Follow Through

Following through with what you set out to do is imperative to your success in life. Conversely, learning when it is alright to stop and cut your losses is equally important.

What brought this up? I'm glad you asked.

I was thinking about blog posts today and the idea of follow through came to mind. Beginning in 2014 I committed to posting four (4) blog entries per month. I began blogging in 2008 and have remained "fairly consistent" in my posts ranging from 19 to 54 posts per year so far. My lightest year was 2011 I had an average of 1.5 per month. Bear in mind that I didn't blog every month in that year. Some months I had several posts and other months there was a complete absence of any writing whatsoever.

Blogging 4x/per month may not sound like much, but it seemed to be a huge commitment to me.

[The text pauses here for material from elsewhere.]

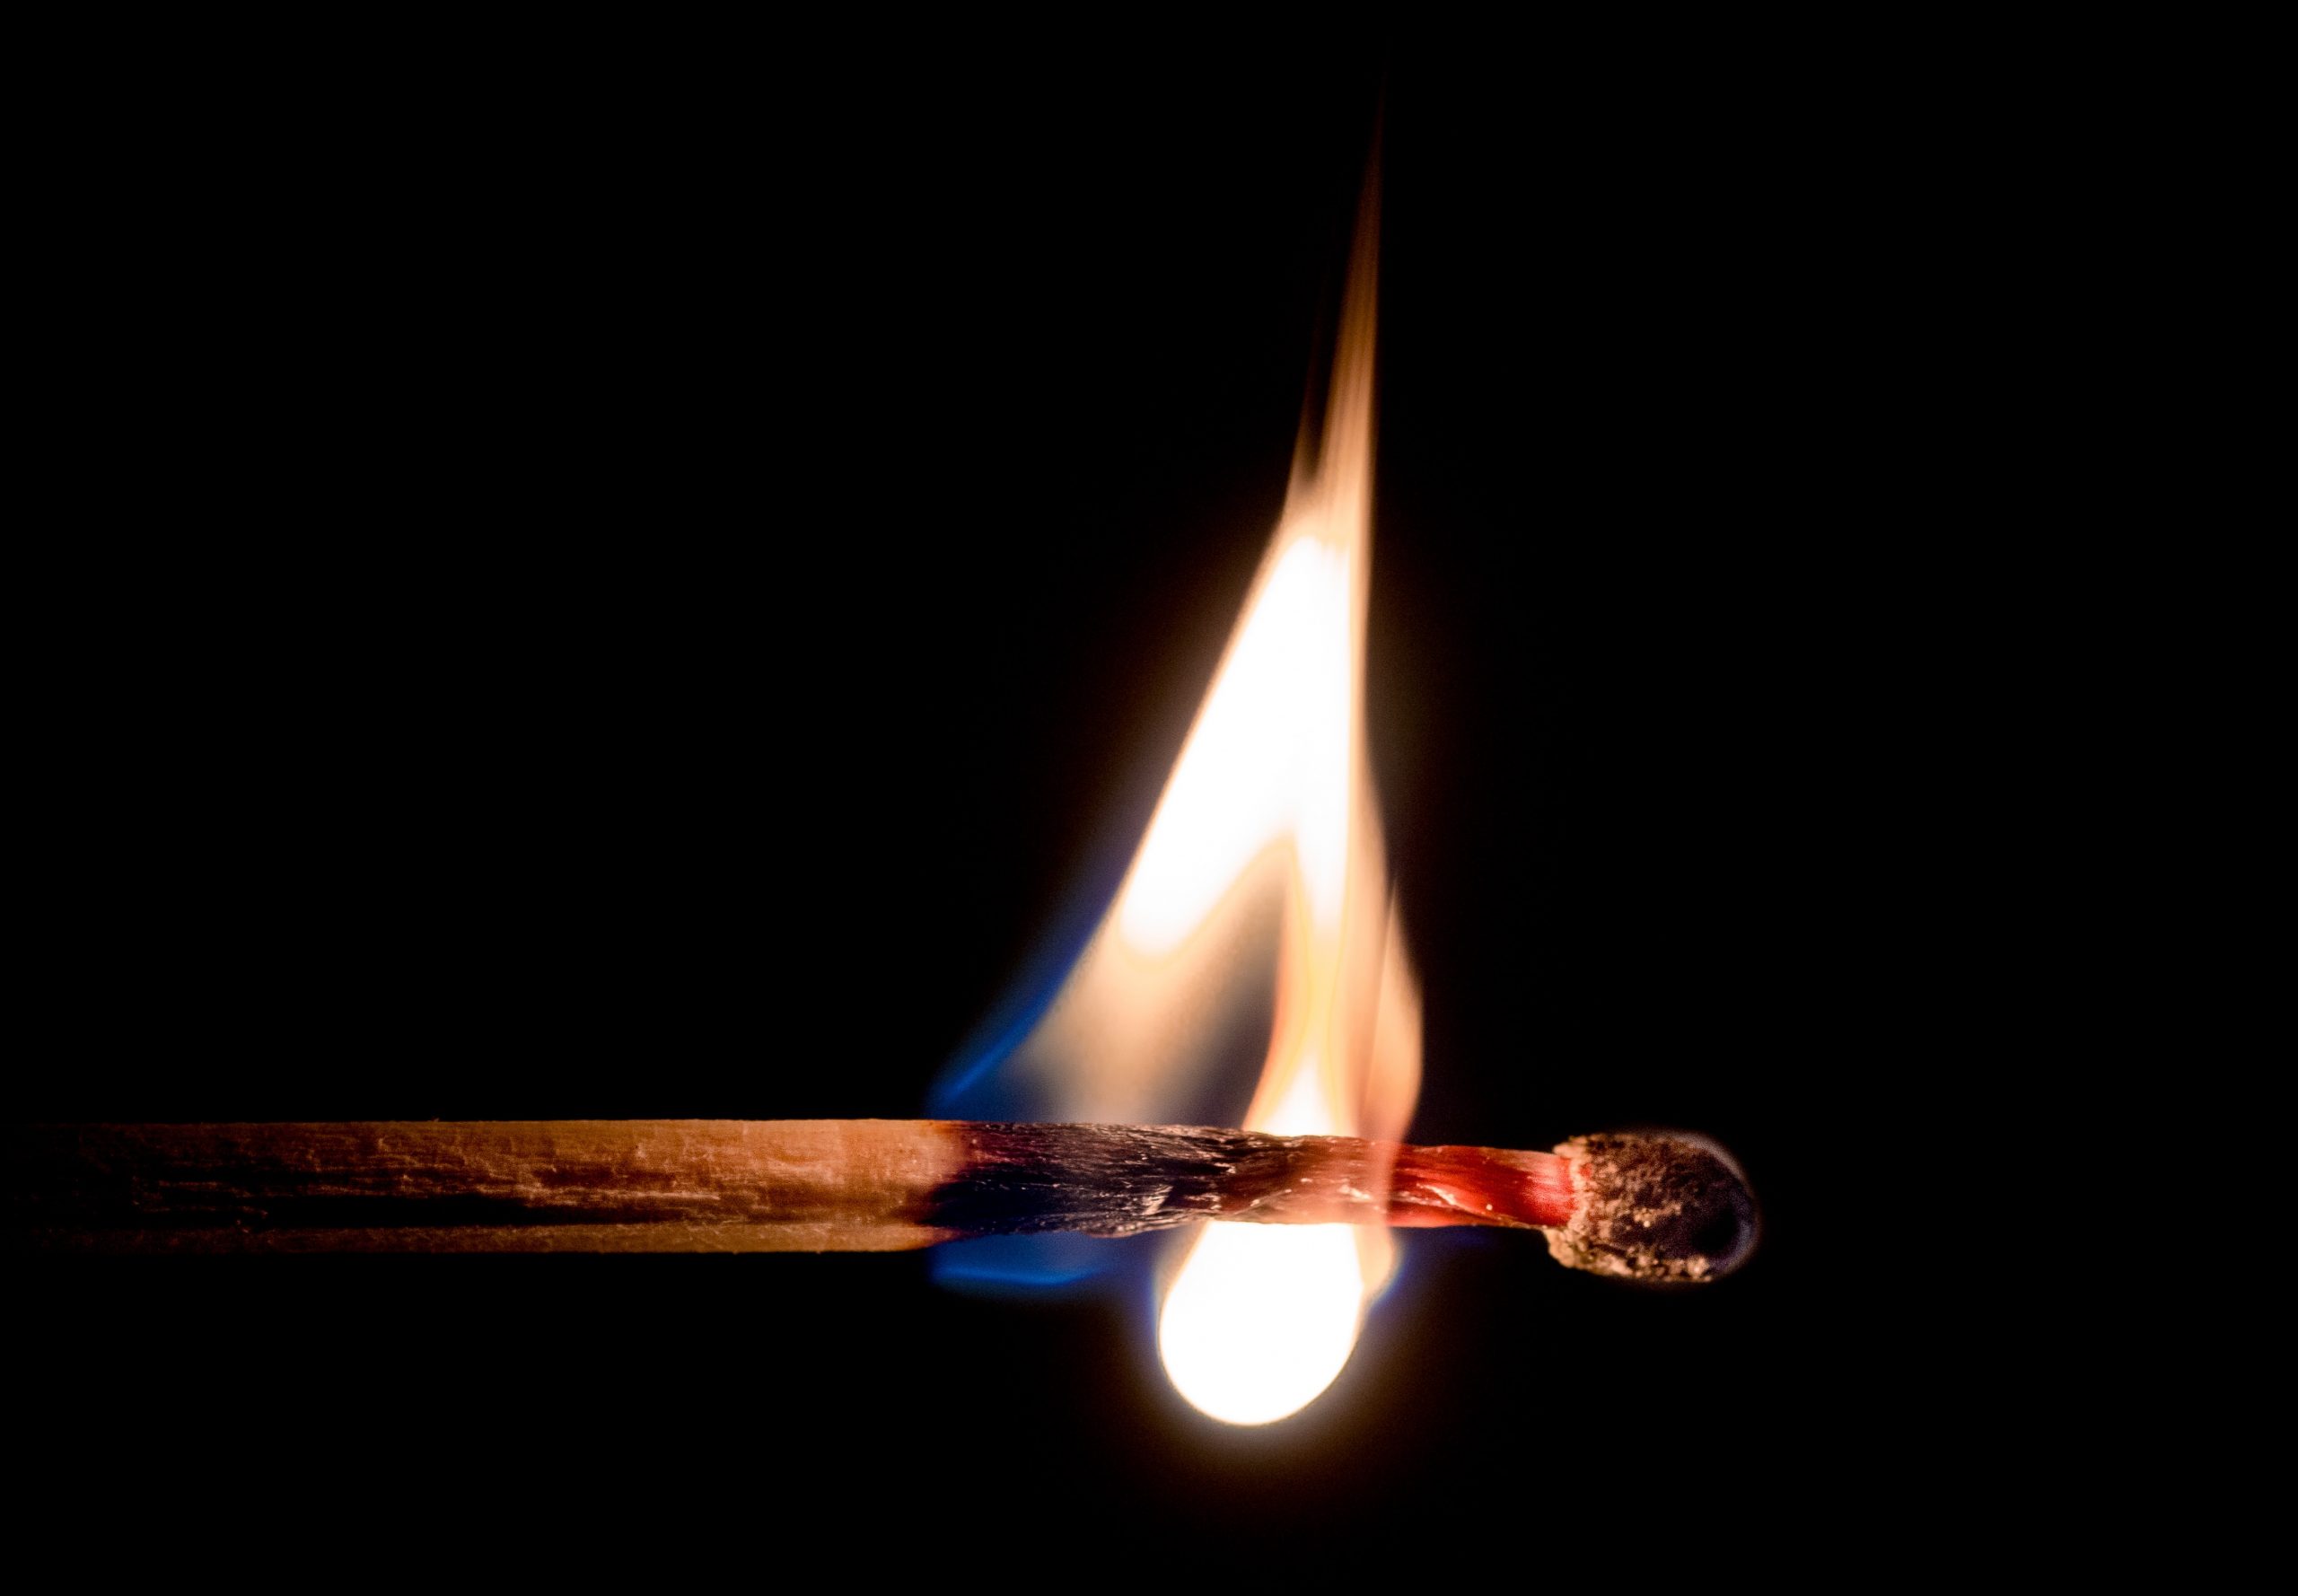 Burning passion or burnout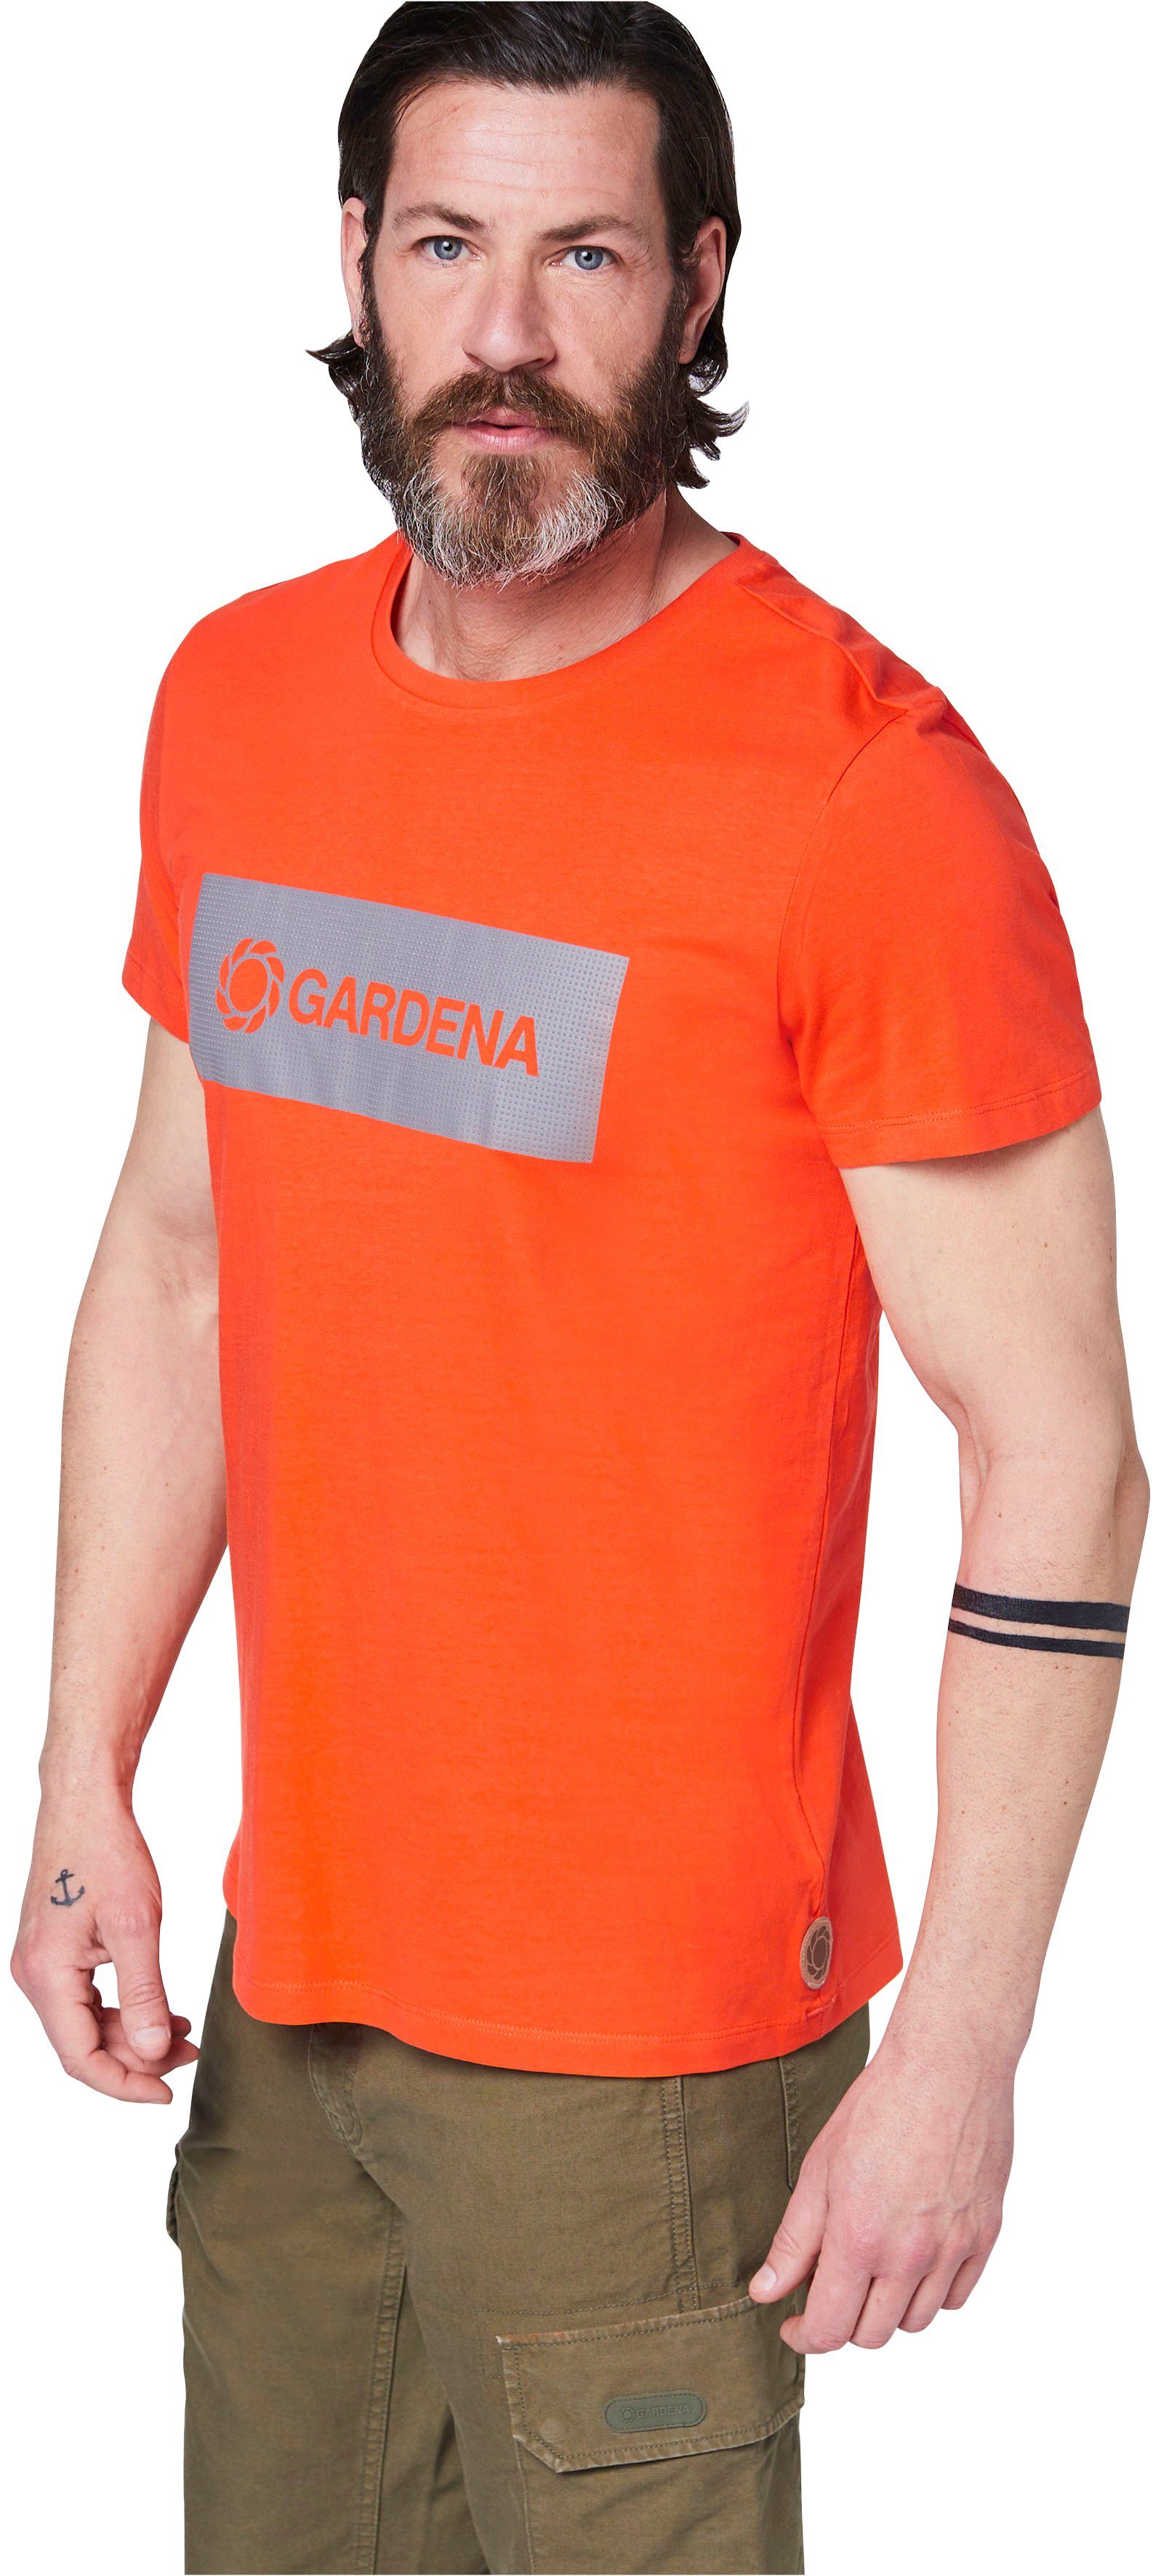 GARDENA T-Shirt Flame mit Gardena-Logodruck

Even if I didn't actually write the article myself, posting four times each and every month seemed like a big step.

Before I decided to make that commitment, I had to ask myself, "Why do I want to do this in the first place?" Were my reasons for wanting to tackle the challenge clear to me? In this case they were, I wanted to continue to build and stay connected to the community that I was creating.  As well, I wanted to continue to share my thoughts and practice my writing skills.

It was easy for me to get intimidated about committing to four blog entries per week. Especially when I look at people like Seth Godin who blogged every single mofo'n day. Everyday. Evvvveeerrryyydddaaaaaay. E-V-E-R-Y-D-A-Y!!

And to add insult to injury, he shares really cool, insightful things, which later he often turns into books.

My fear is that I haven't gotten to the point where I can offer up a great or even good idea each and everyday. I know that it isn't that I don't have good ideas, because I do have some pretty insightful things to share. Much of it is that I have to be in that creative place where the ideas flow from me in a clear way that is understandable. Some days I'm on, others, not so much.

"The hardest thing about writing is writing." 
~Nora Ephron

I've noticed that the more consistently I wrote, the more often those good ideas came and the more clearly I could articulate them. If I waited until I "felt" like writing, I wouldn't write very often at all. BTW, this principle applies to pretty much anything. For example if I waited until I was in the mood to workout I would probably workout once every other week if I was ambitious. Rather, I discipline myself to commit to creating a habit of working out. I get better results overall, even though every single workout may not be stellar.

The concept is simple:

  1. Be mindful on what you commit to. 
  2. If you make a commitment, follow through with it.
  3. Create a habit that supports your goals. (Refer to #1!)
  4. Know what is alright to "bail out" on. (Make sure the juice is worth the squeeze! Also, refer to #1)
There is my thought of the day!

Two down, two to go for this month!

Keep going,


  1. Determining if the juice is worth the squeeze can be challenging in itself, could probably dedicate an entire blog to just that topic. I enjoy reading your blogs when they come out. They always give good food for thought.

    1. You are absolutely right! Actually I DID post an article about that! Here it is -

  2. Habits and commitments are important. And very much agreed, if we waited to do things until we felt like it, it would never get done. Another funny thing about your connection to krav, the Jewish martial art: just doing the act is a BIG thing in Judaism. Not to speak for all Jews and Judaism, but it is thought that in doing an action, you will bring about the associated emotions. In short, actions first, feeling second.

  3. Todd Henry wrote a very good book called "Accidental Creative" that focuses on the question of how to remain creative and effective for the long-term.